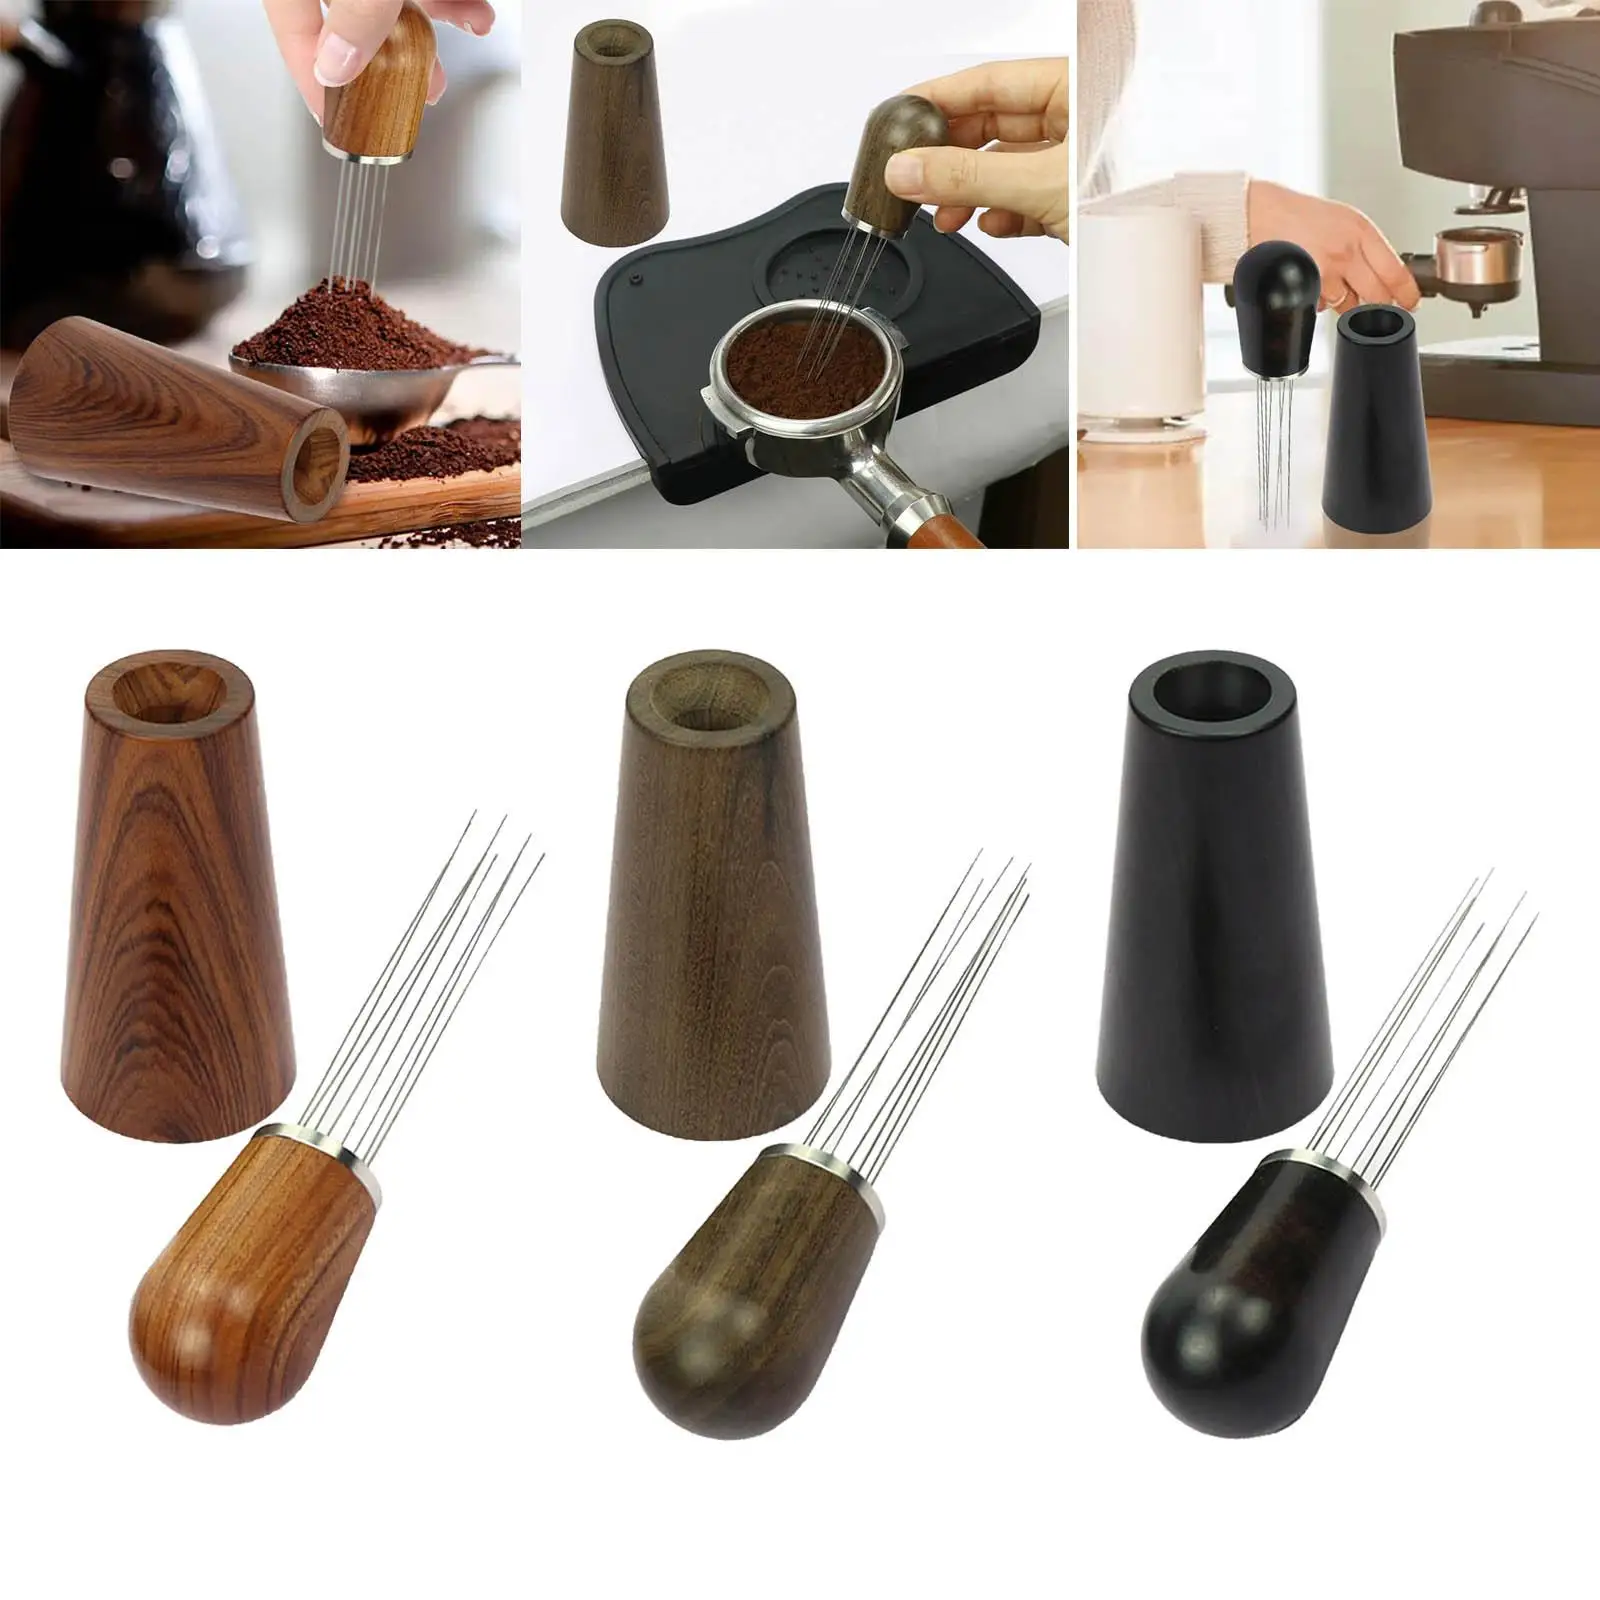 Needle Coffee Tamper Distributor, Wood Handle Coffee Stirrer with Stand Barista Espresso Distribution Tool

◇ ◇ ◇ ◇

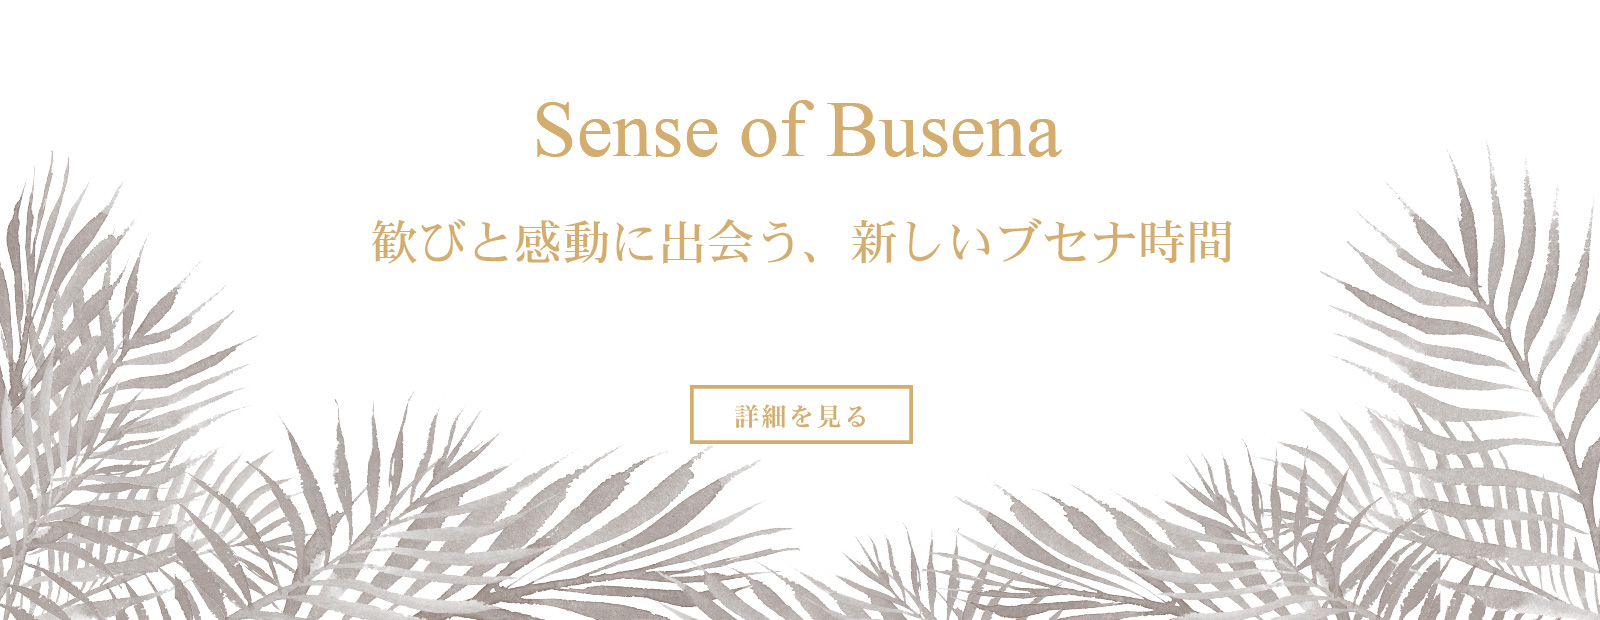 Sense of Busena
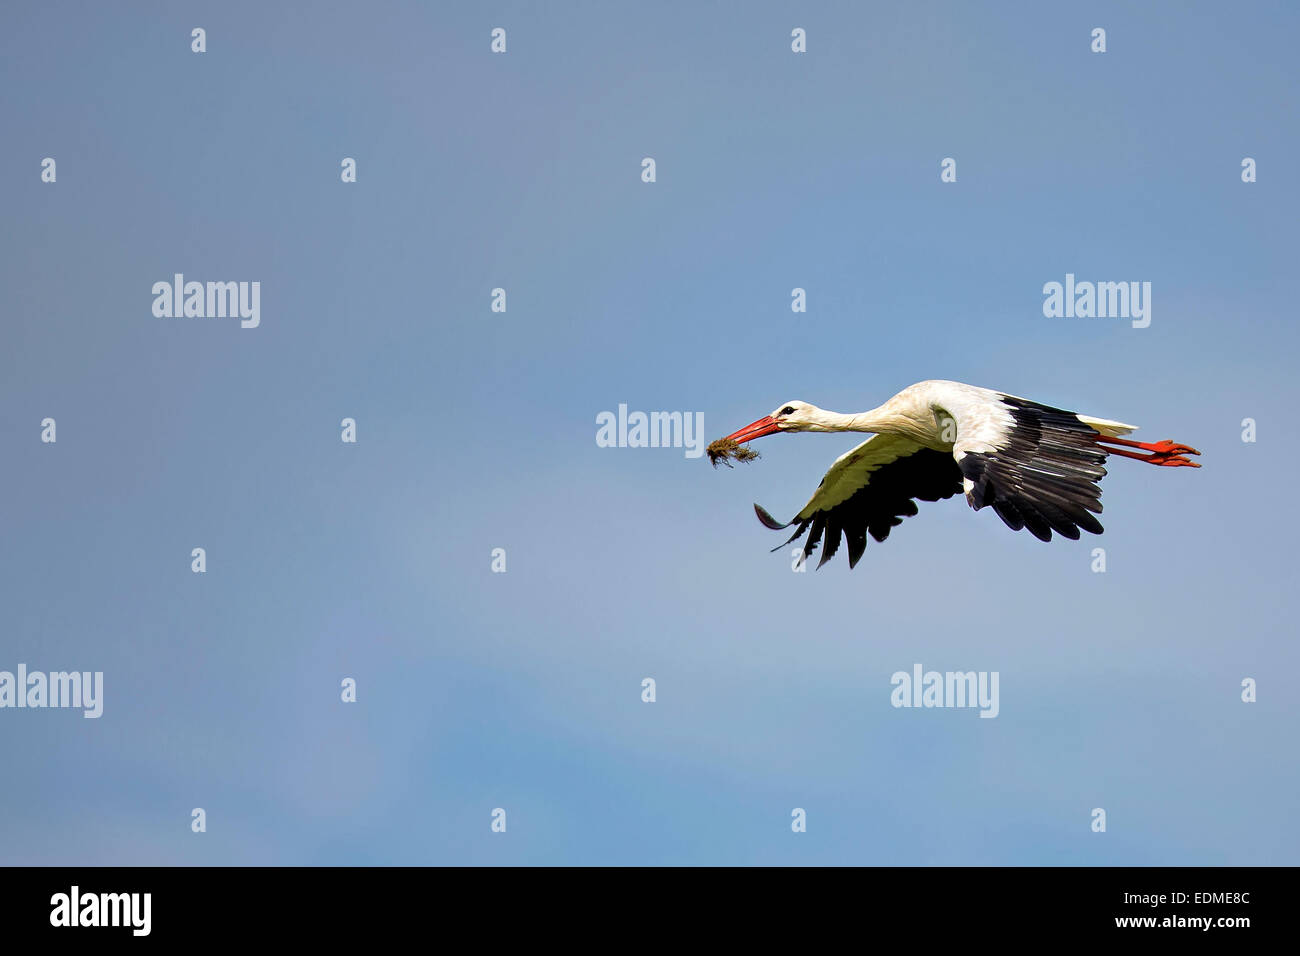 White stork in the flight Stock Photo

◇ ◇ ◇ ◇

> _Problem requirements_
Go back to the listing above and write out the lines starting at the one with "Sense of Busena" and ending at the one with "White stork in the flight Stock Photo", inclusive, exactly and without pictures.

> _Answer for the task_
 Sense of Busena
 White stork in the flight Stock Photo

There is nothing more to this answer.